New York Times 360 video by Michael Schwirtz, Neeti Upadhye, Michael Kirby Smith, Kaitlyn Mullin

Multitasking

The story of Rikers and Cook County jails is an urgent one. The NYT journalists, with their access into the prisons, and into the mindshare of Americans, have the opportunity to impact the lives of many who are held in unsafe, inhumane conditions. But they don’t have a lot of time to do it.

And most of these 360 clips require the audience to do too many things at the same time. I need to hear and process the narration both as a stand-alone story and in its role in the larger interactive piece. I need to look around the room to figure out what it is the videographer wants me to see. I assume there’s something special about it and I’m looking for that.

I’m used to letting trusted journalists lead me along an adventure, and in 360 the journalists have dropped me into a landscape and they’re letting me figure it out on my own. In the Rikers clips, the cuts are often too fast and the audience doesn’t have a chance to “snoop” around this forbidden territory, or to check anything out before the story moves forward.

Same story; just one camera

Compare the NYT interactive to this dramatic Daily News story about Rikers from a few weeks earlier:

There’s one camera that captures everything. And there’s a written piece that tells you what happened. You don’t get the sense that there needs to be more.

Or this one, a lush 2015 collaboration between New York Magazine and the Marshall Project. It’s told by inmates and corrections officers. Here, the storytellers are as important as the story being told.

Loss of impact by using 360

Overall, the NYT lost the chance at a great story by using 360. Getting access to these facilities is not easy.

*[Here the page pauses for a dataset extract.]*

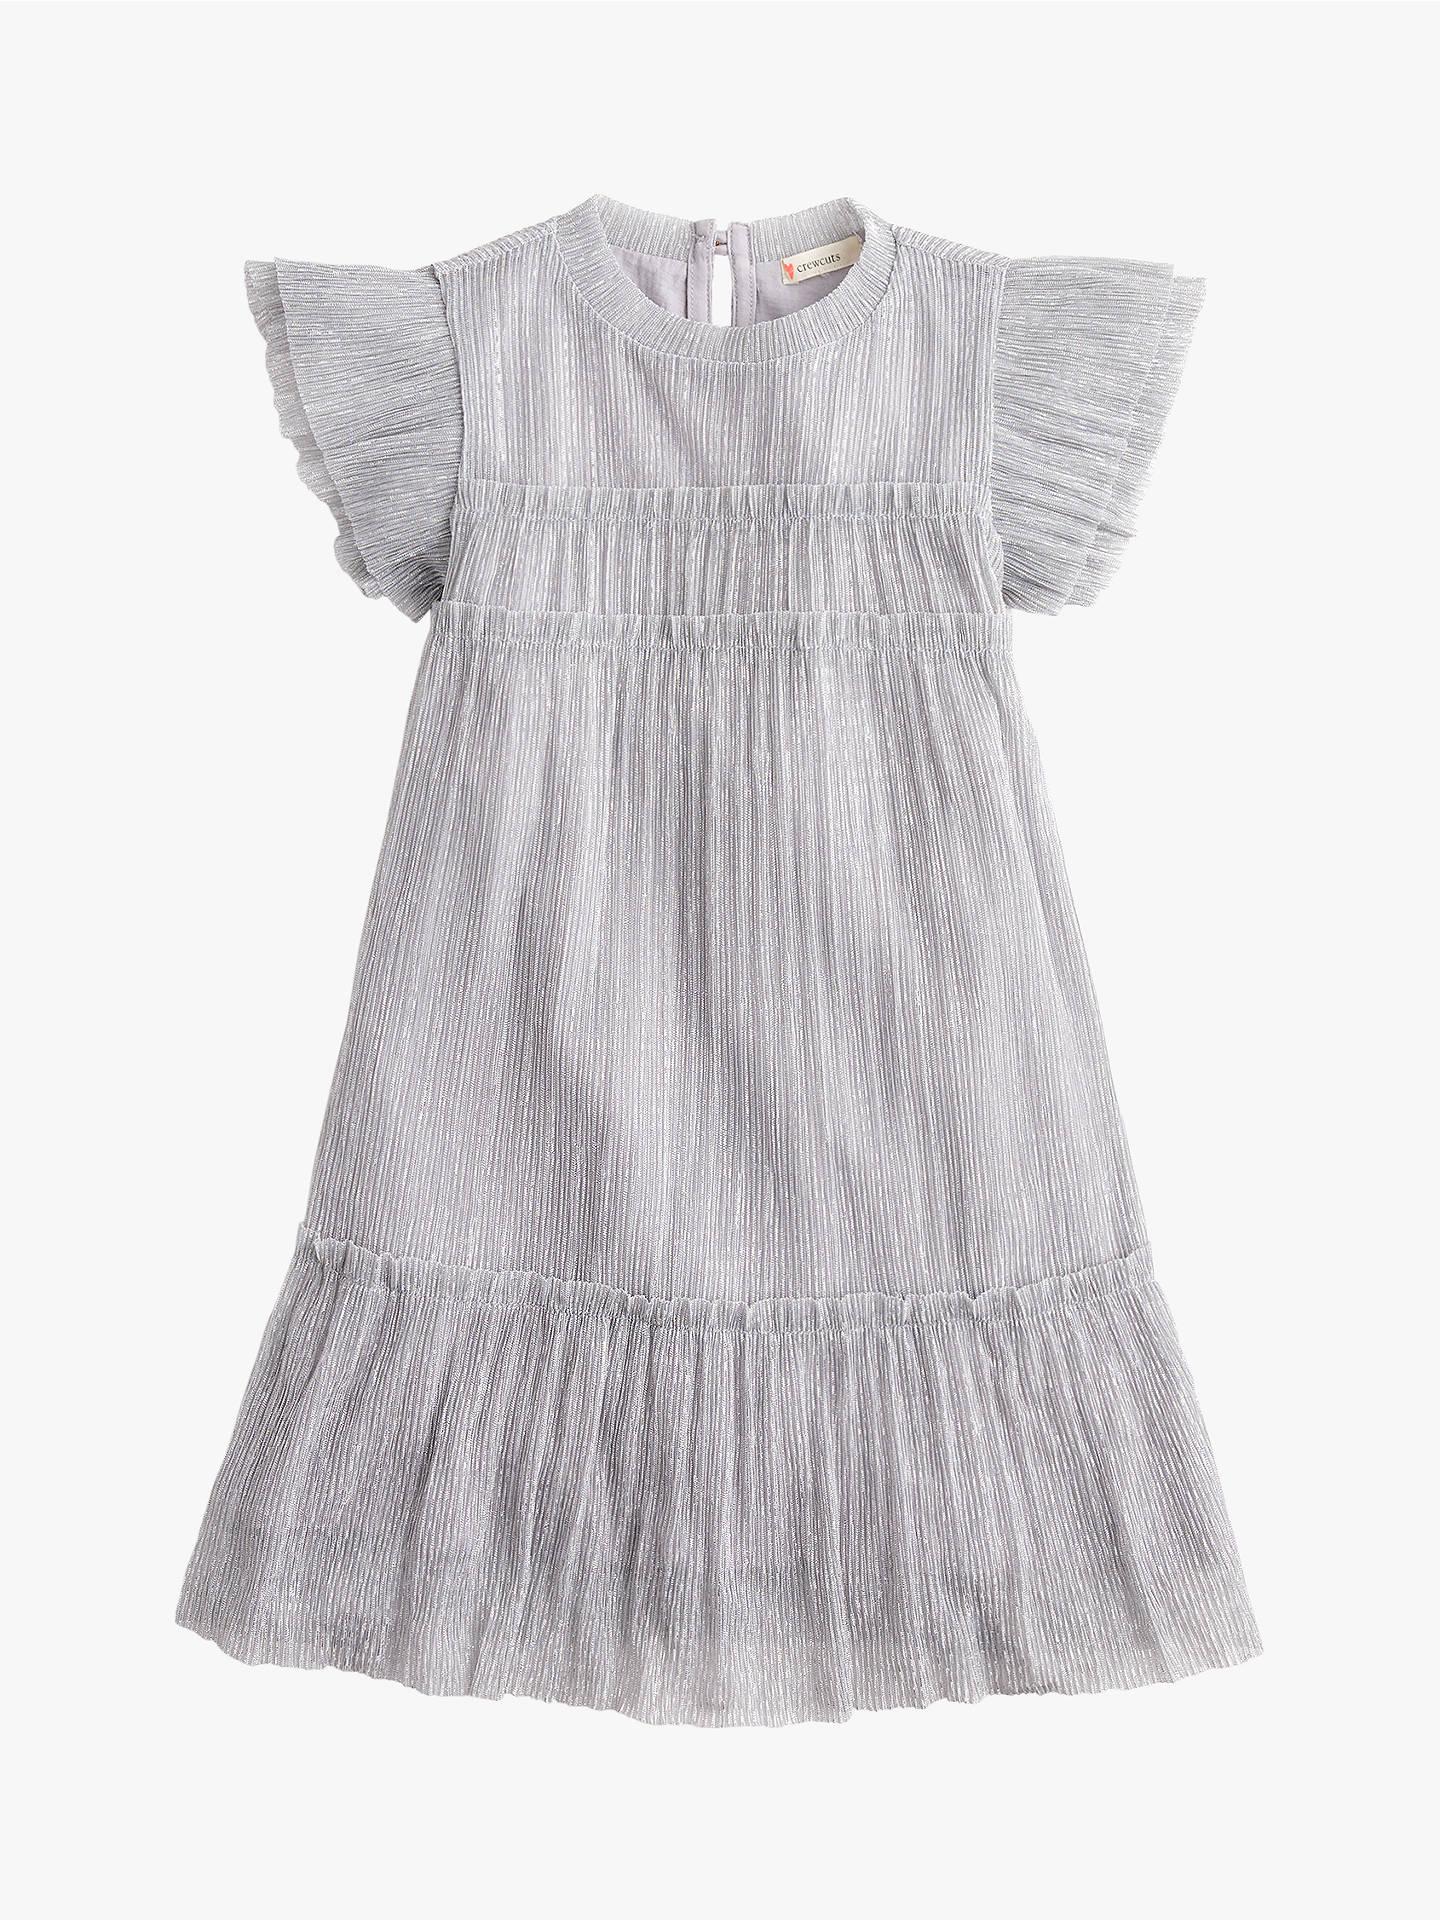 239e2498fa0 Buy crewcuts by J.Crew Girls  Janelle Metallic Pleat Dress
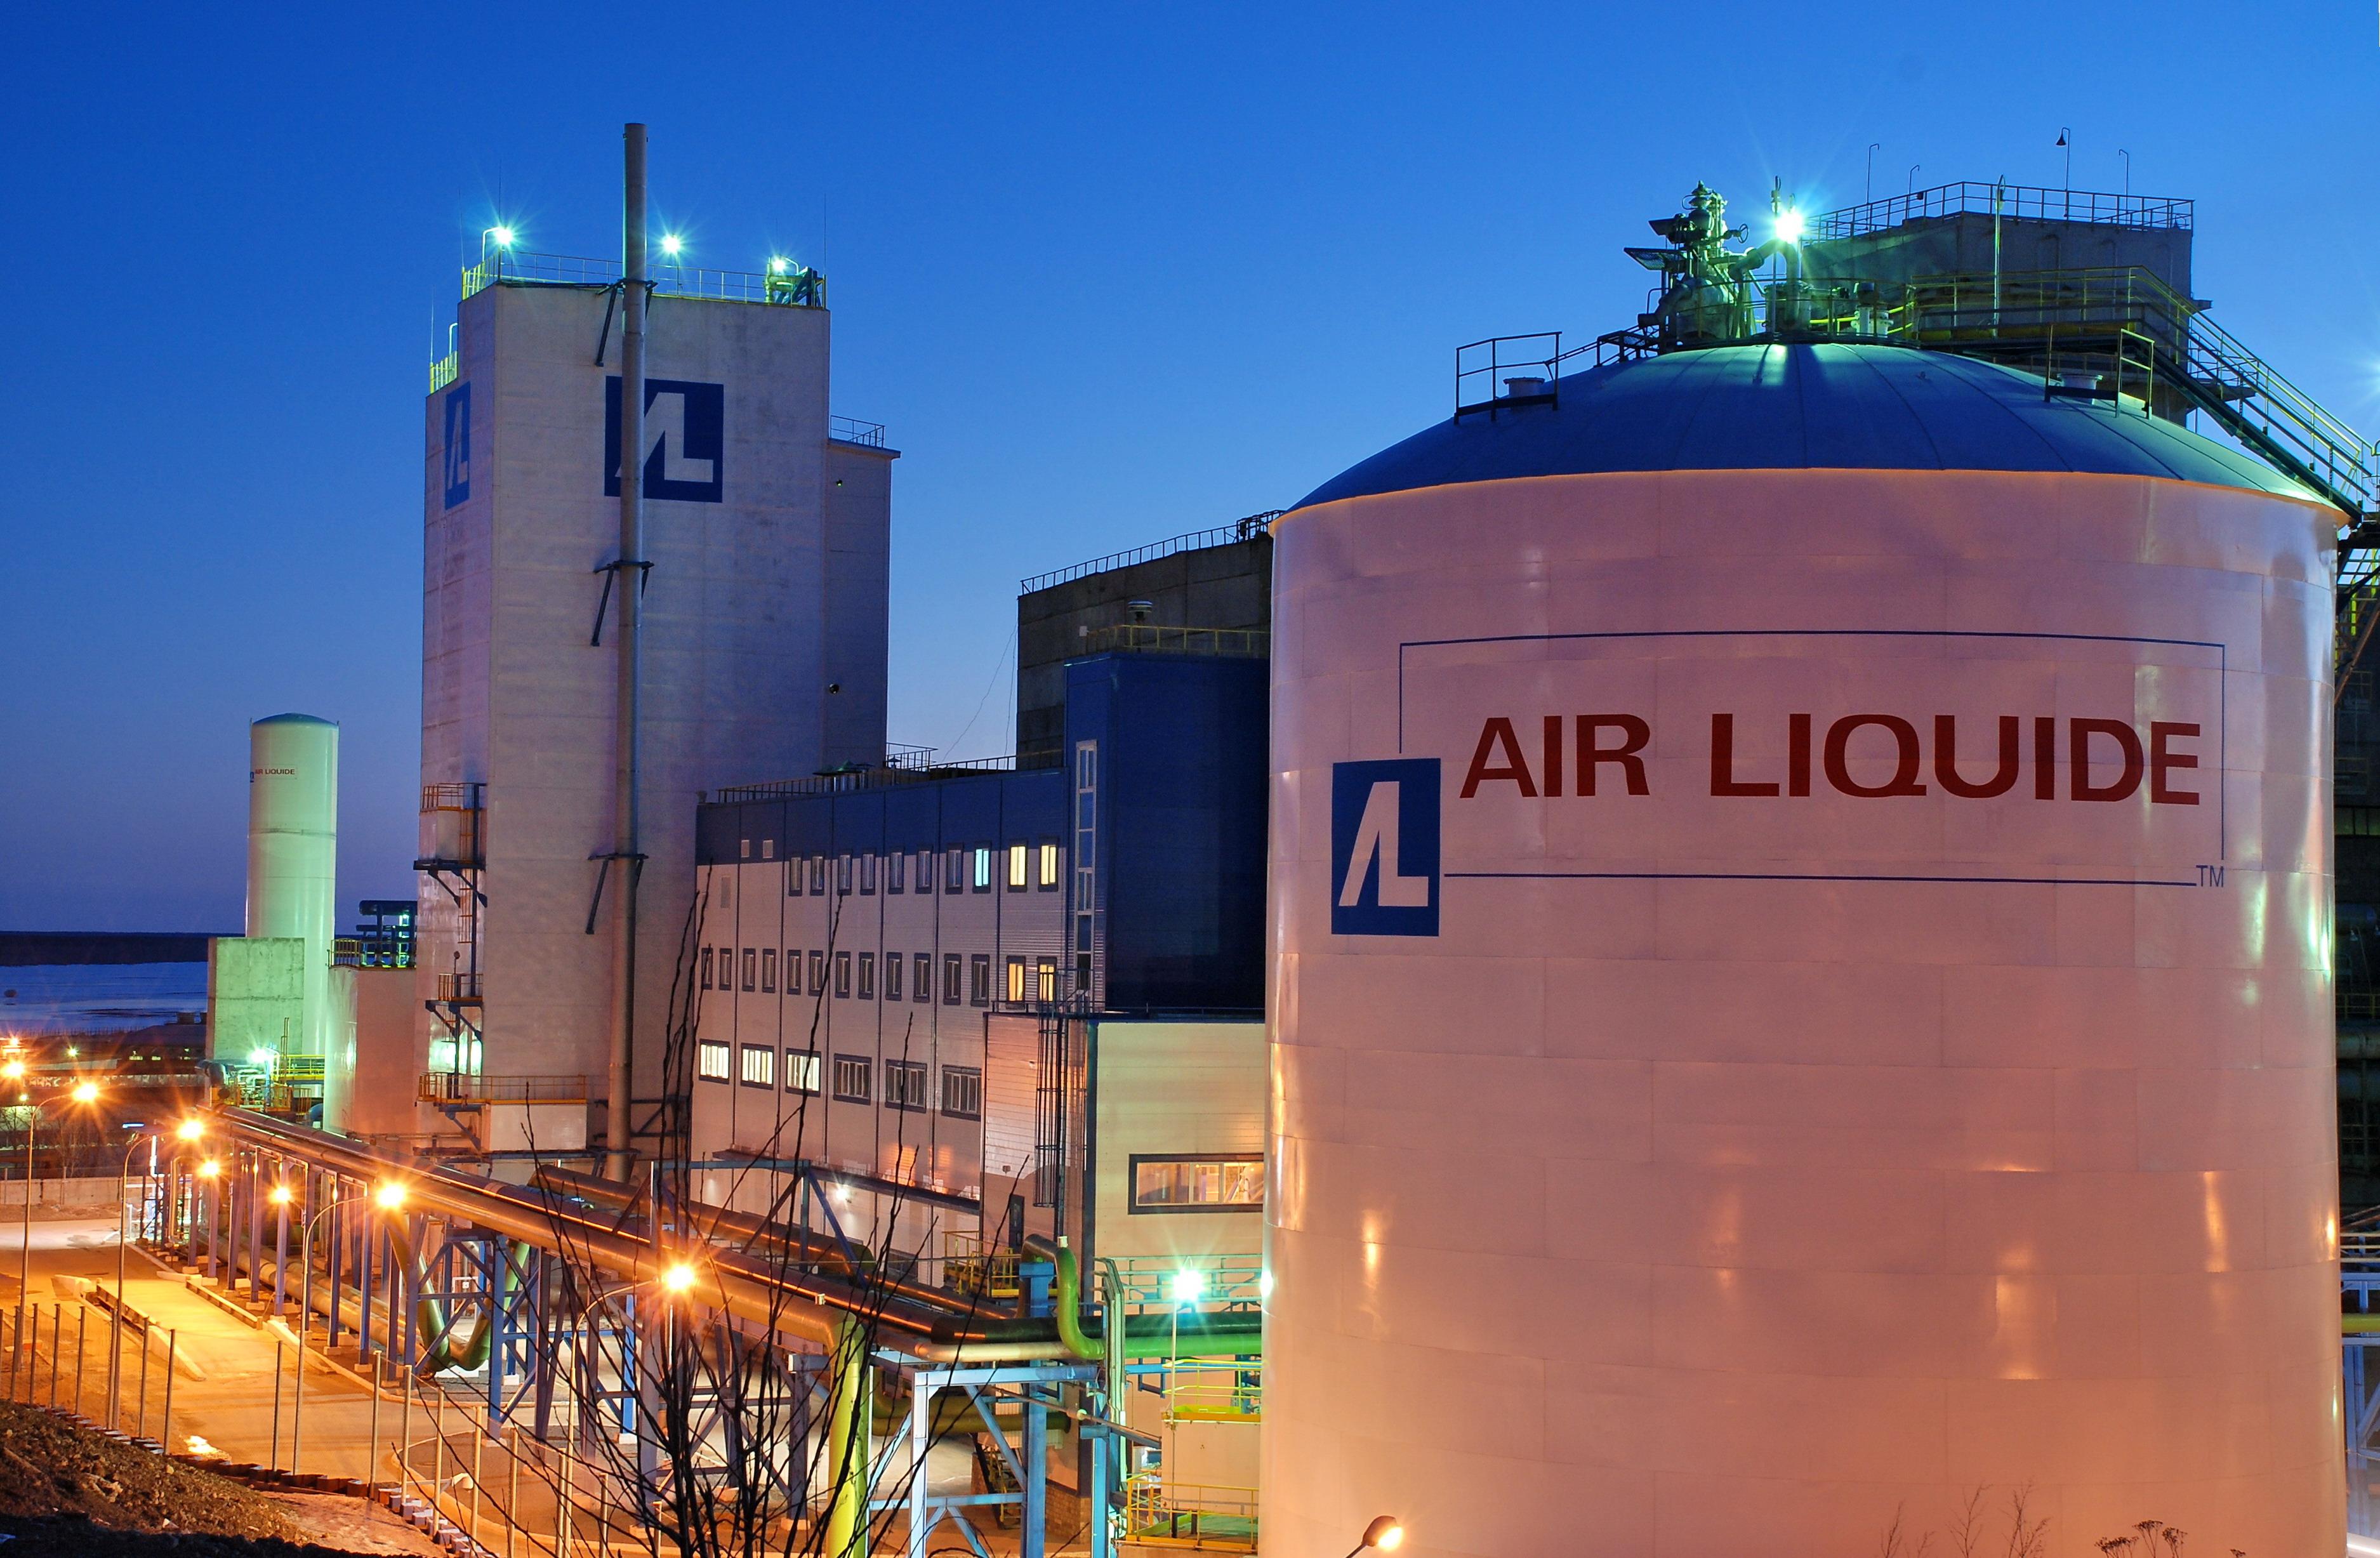 Air-Liquide_Fujian-Shenyuan_caprolactam_Project

The intimate clips of solitary confinement in Cooks County were overwhelmed by the barrage of underwhelming footage at Rikers.

Audience response

We looked to social media for feedback since there is no comments section on this piece.

On Twitter, one of the authors says it was a great learning experience for her, but there’s not a lot of feedback otherwise. For a Sunday piece, it should have received substantial engagement.

Before you pull out your 360 camera

Here are some things to consider before you use 360 video in journalism:

  1. Are there multiple views that are worth exploring? Will your audience be glad they engaged?
  2. Is it important for the audience to discover those views by themselves? If a visual is a critical element in your story, you’re probably better off cutting directly to that visual.
  3. Will your story need a narrative overlay or does it stand alone? Too much going on at once distracts from your story.
  4. Does your story benefit from 360’s ability to convey intimacy, vulnerability or scale?
  5. Is the story compelling enough that the audience will want to spin around, swipe the screen, in order to watch it?

Fake News

360 video may have some future role in combating fake news. Or at least combating allegations of fake news. There are presumably ways of gaming or editing the 360 image, but the idea that a reporter has simply set the camera down and is allowing the audience to check out the view themselves might convey a sense of honesty that is being challenged by President Trump.

Improved technology

The cameras will only get better in terms of lighting and resolution. And internet bandwidth will allow higher definition of the transmission of the images. 360 video is at its best when it’s intimate and detailed and that will continue to improve.